That’s a good question. The update loop is basically a callback that’s called each the engine renders a new frame to be displayed on canvas.

Animation in games follows the same pattern as TV/movies: still images are displayed fast enough (20-60 times per second) to give the illusion of movement.

So, for any of your methods that involve something moving or changing something gradually in your scene, you should be using some form of the update method.

Your input handlers (keydown) will execute as soon as the input device registers new input (mouse click, mouse move, keydown etc).
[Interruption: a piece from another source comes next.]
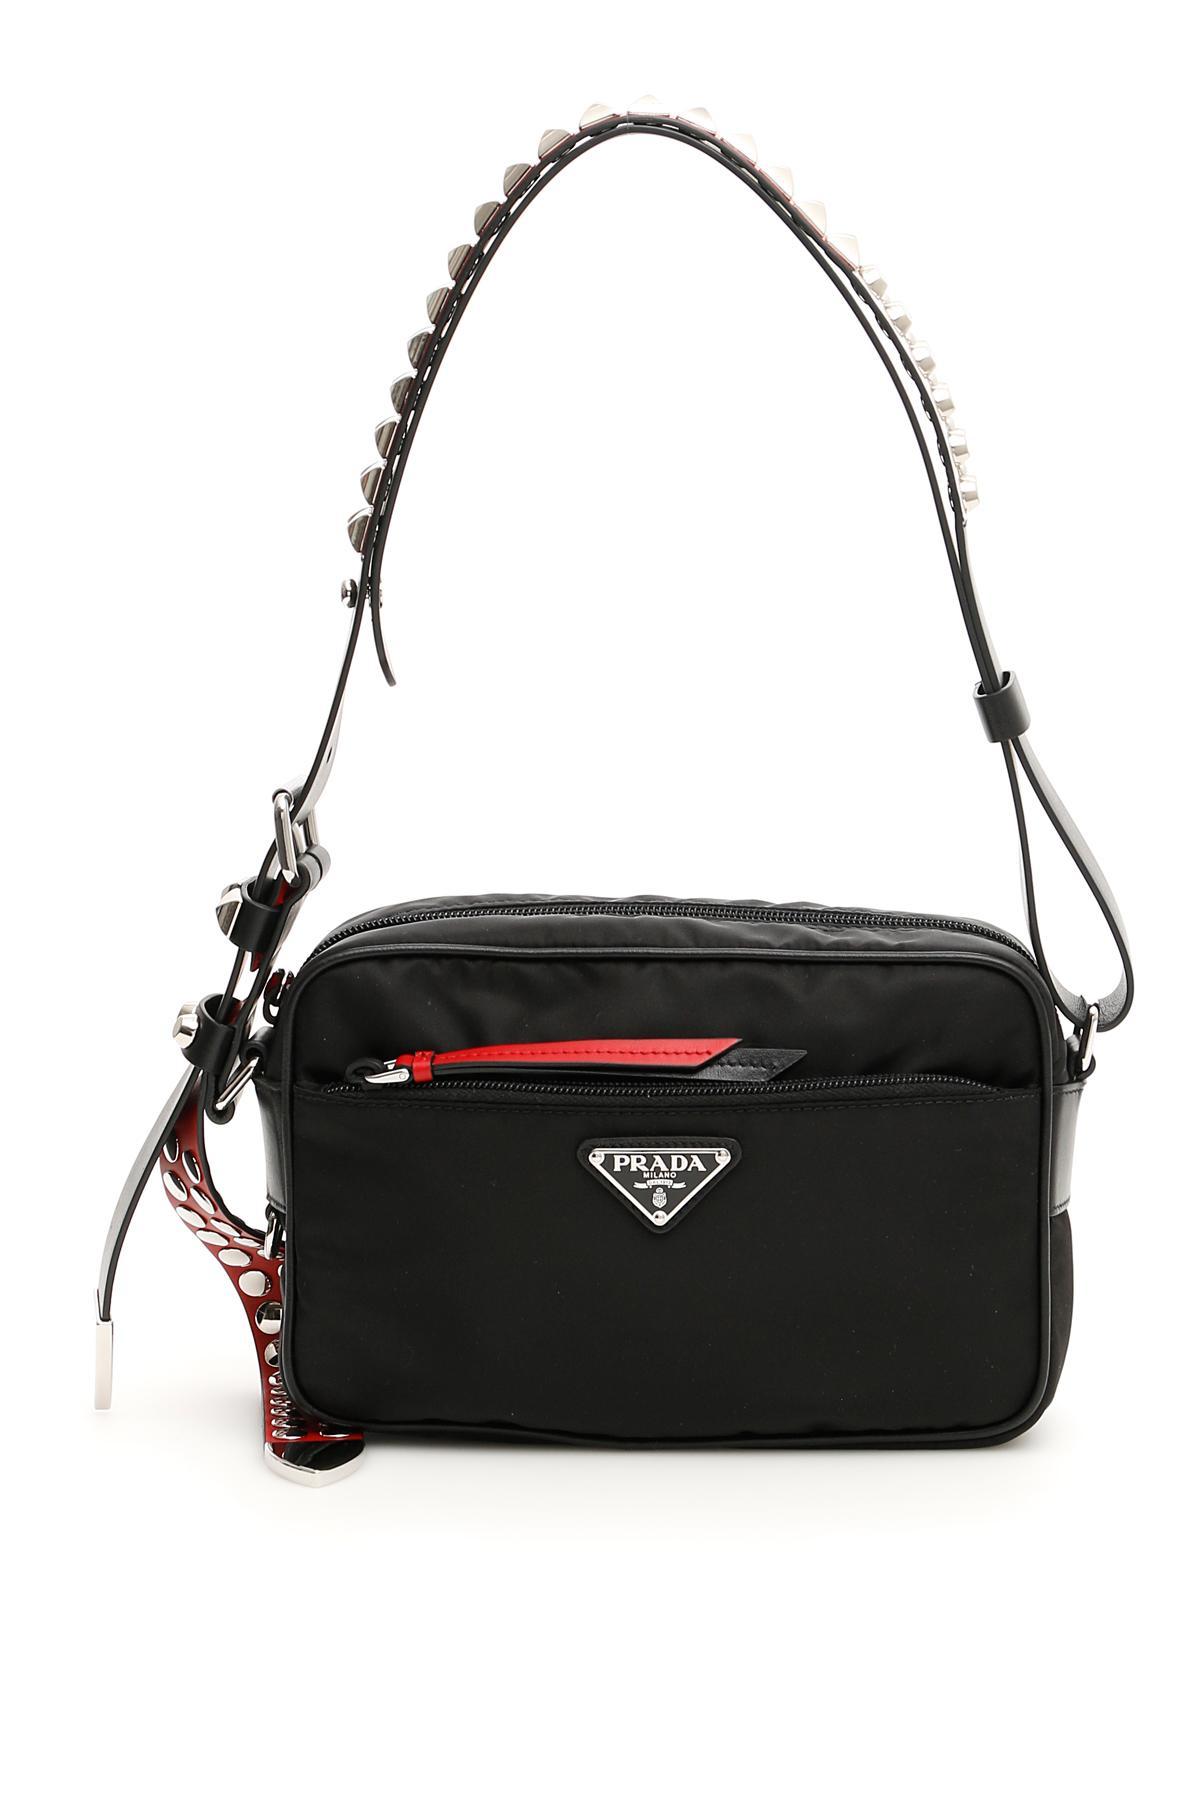 06d2bd982727e6 Prada New Vela Bag in Black - Lyst

Some other APIs have their own internal update method, for example Playcanvas tweens. To animate an object with a tween you setup its settings and then call start(). The tween library will start positioning/rotating/scaling that object once per frame until it reaches the final value.

I hope this makes sense.


Can you clarify this?

Let’s say PC guarantees to emit update 60 times per second in the perfect world. Are the PC input handlers also on this exact same loop (as opposed to document.addEventListener())?

I think so, but this is quite easy to test:

  • put one console.log() in your update loop
  • another one in your keydown event handler

And check how often each one fires.

Good idea… The answer is no! Update is 60 times per second, but mousemove event from the engine itself may be over 1000 times per second.

Thanks for sharing, it makes sense that event handlers will fire as soon as the input device fires the event. I am going to edit my initial message above.

Not sure how you can get 1000 mouse moves in between a frame render, testing it now seems quite impossible.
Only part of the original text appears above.